Josefov was formerly the Jewish ghetto of Prague. Jews started settling in Prague in the 10th century. Starting in the 13th century they were ordered to give up their homes and move into a small area between Old Town and the river. In 1389, some 1500 Jews were massacred on Easter Sunday in Prague. I don’t think that’s the Easter message Jesus was hoping for.
The ghetto was most prosperous towards the end of the 16th century when the Jewish mayor became the Minister of Finance and used his wealth to develop the area. Then their ability to leave the quarter and do business outside grew increasingly more difficult. According to legend, things were so bad in the 17th century that Rabbi Lowe created a beast out of clay called the Golem of Prague and brought it to life to protect the Jews from persecution. Apparently the Golem ran amok and Rabbi Lowe had to destroy it.
In the 1850’s the quarter was renamed “Josefstadt” (Joseph’s City) after Joseph II, Holy Roman Emperor who emancipated Jews with the Toleration Edict in 1781. Around this time Jews were allowed to settle outside the city, leaving only orthodox and poor Jews living within the ghetto.
Most of the quarter was demolished in the early 1900s when Prague was trying to remodel itself after Paris. This left only six synagogues, the Jewish Town Hall and the Old Cemetery.
When Prague was taken over by Nazi Germany in 1939, the Jews were sent by the thousands to concentration camps. However, their buildings were not destroyed. Apparently Hitler decided to keep Prague’s well-defined Jewish sites intact to be used as a future memorial to a race of an extinct people.

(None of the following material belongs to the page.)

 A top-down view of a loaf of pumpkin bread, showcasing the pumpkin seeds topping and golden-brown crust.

After the war, Josefov became an inspiration for Jews around the world.
These days, the area is mostly used for tourism and also houses upscale stores and hotels.

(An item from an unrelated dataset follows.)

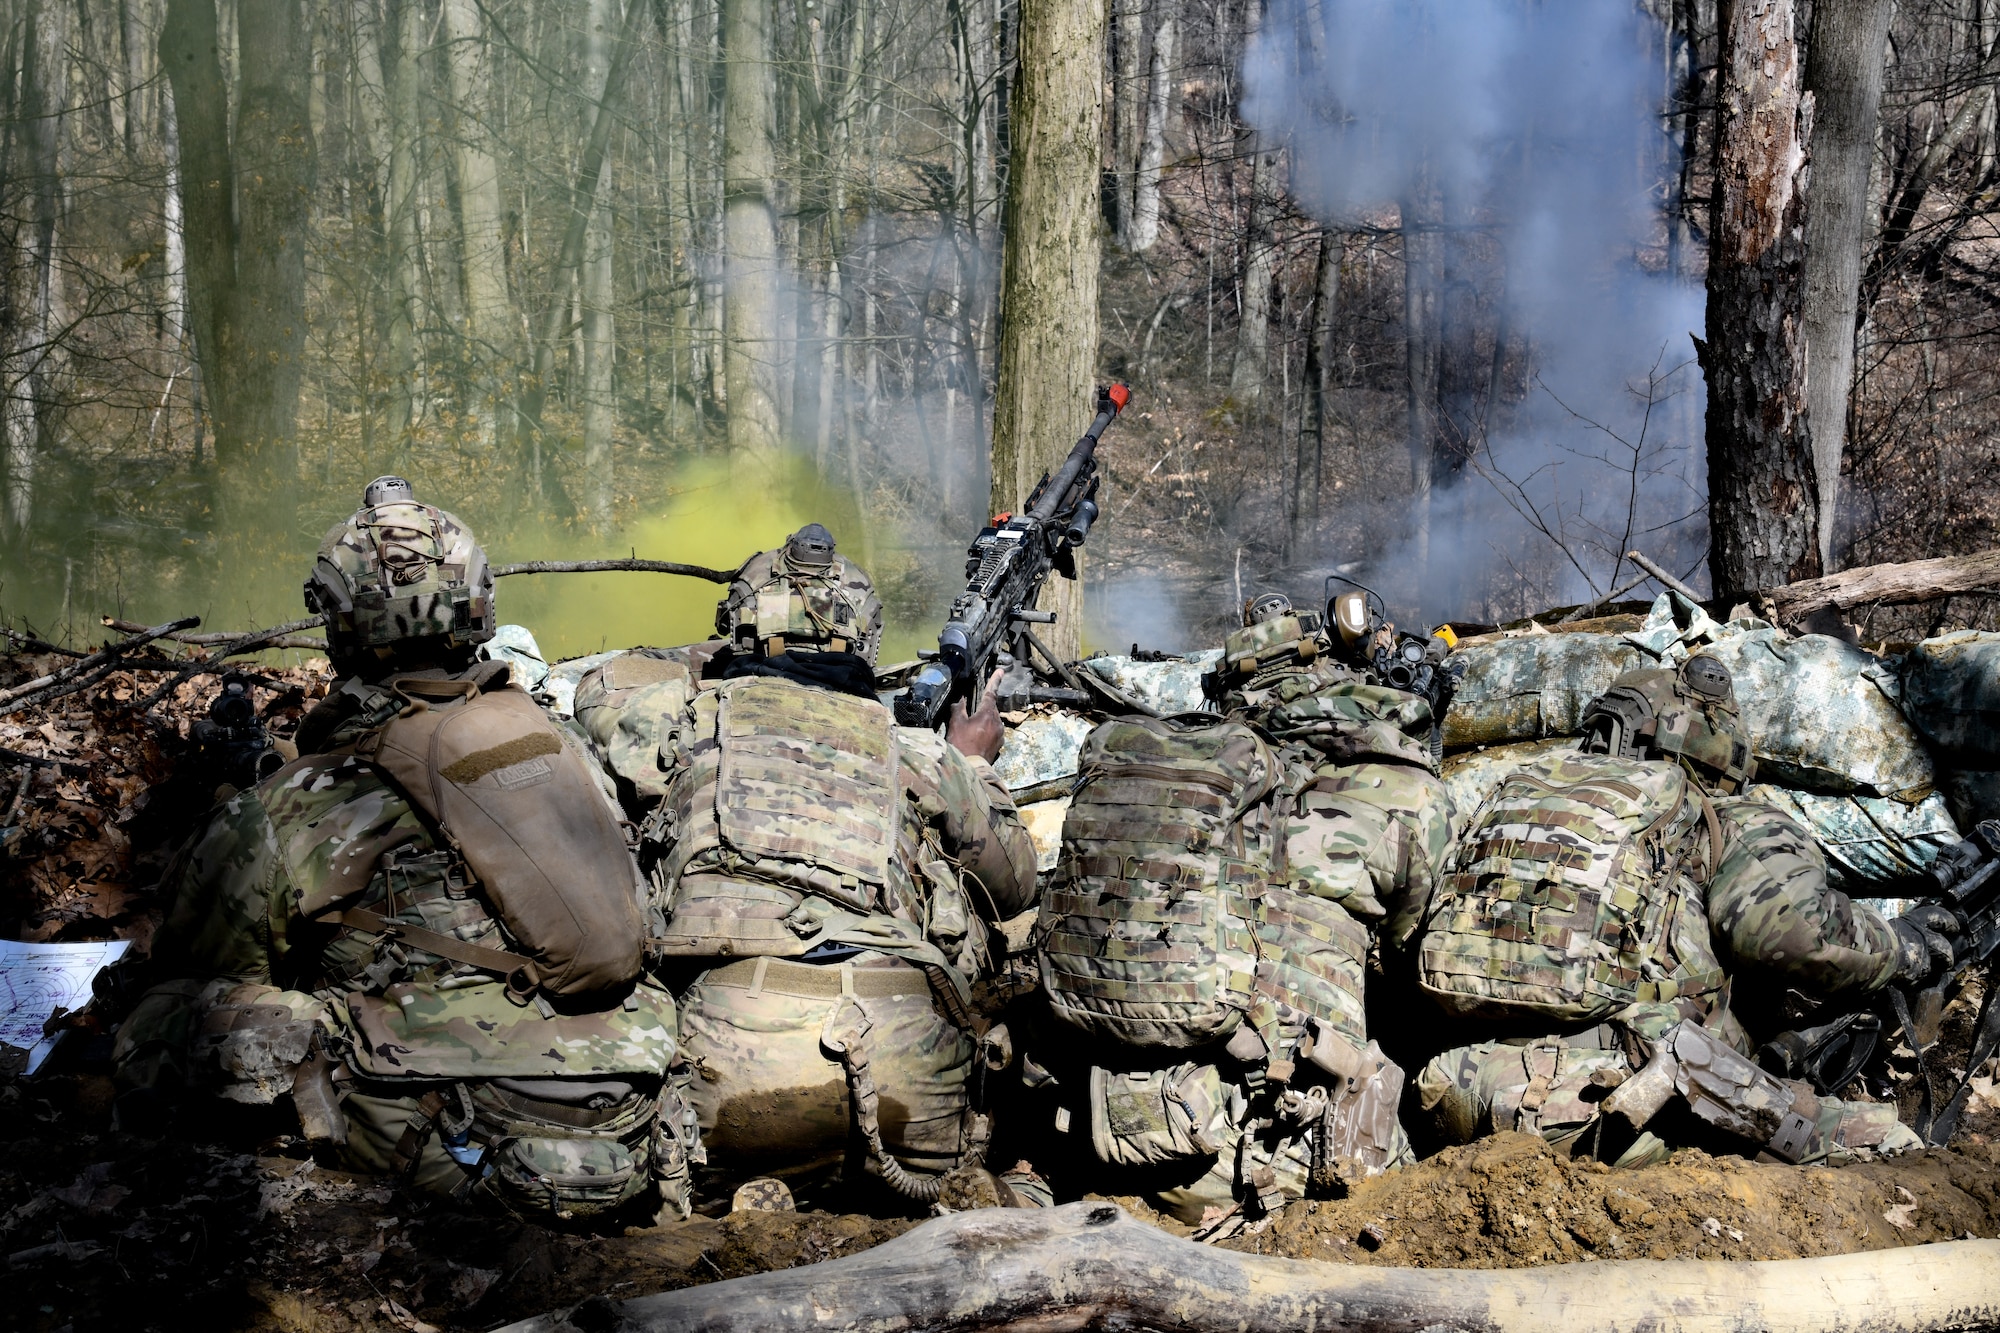 Reserve Citizen Airmen assigned to the 459th Security Forces Squadron, Joint Base Andrews, Maryland, take cover during a static defense exercise on March 20, 2023, at Camp James A. Garfield Joint Military Training Center, Ohio.

While walking, Michael was reminded of another thing we had to see in Prague so we headed off to Stavovské Divadlo, or the Estates Theatre which was built in the 18th century.
It’s motto inscribed above the entrance: Patriae et Musis or To the Native Land and the Muses.
Also at the theater is this statue in honor of Mozart who conducted the world premiere of his opera, Don Giovanni, here in 1787.
We thought about trying to see a show, but the one that was playing looked really bizarre with a bunch of actors running around with hoola hoops. That is not really the kind of show we’re looking for.
So that was our huge day of walking. We went back to the Airbnb for showers and naps and did head out to dinner, but we were dragging a bit by this point. Nothing a few beers and a few sips of absinthe can’t cure! The beers were fine. The absinthe was horrible. That is a once in a lifetime mistake to make.
The next day we had an afternoon train ride to Vienna, so we dropped our bags off at some lockers in the train station and went out looking for place to relax for a few hours. We started at the James Dean restaurant for breakfast. True story. I just wanted “real breakfast” (eggs instead of a pastry), so Michael found us the most amazing touristy diner this side of Europe.
It got the job done. Then we walked back to the far side of the river again to see the Vrtba Gardens. It’s famous for being the most important baroque garden in Prague. It is different than normal gardens because of its terrace floor graduation.
The garden was nice and at the top of the garden you get this view:
But mostly I just enjoyed laying on a bench by myself for an hour or so, enjoying some music on my headphones, reading about Schrödinger’s cat, and alternating between a view of this trellis over my head:
And this view to the left of me:
After the gardens, we took a long stroll back to the train station and THANKFULLY remembered one final thing we had to do in town before leaving. Eat this:
This is a Trdelnik which is made by rolling out dough, wrapping it around a metal stick, sprinkling it with sugar and spice mixture and setting it over flames to cook. When we ordered ours, the woman just cut it off the stick and handed it over. It was good, but I wanted it to taste more like funnel cake or an old fashion donut.
Michael went in a different direction with his snack:
And now we’re off again. Thank you Prague for a great visit. Things started pretty shaky, but we had a wonderful time!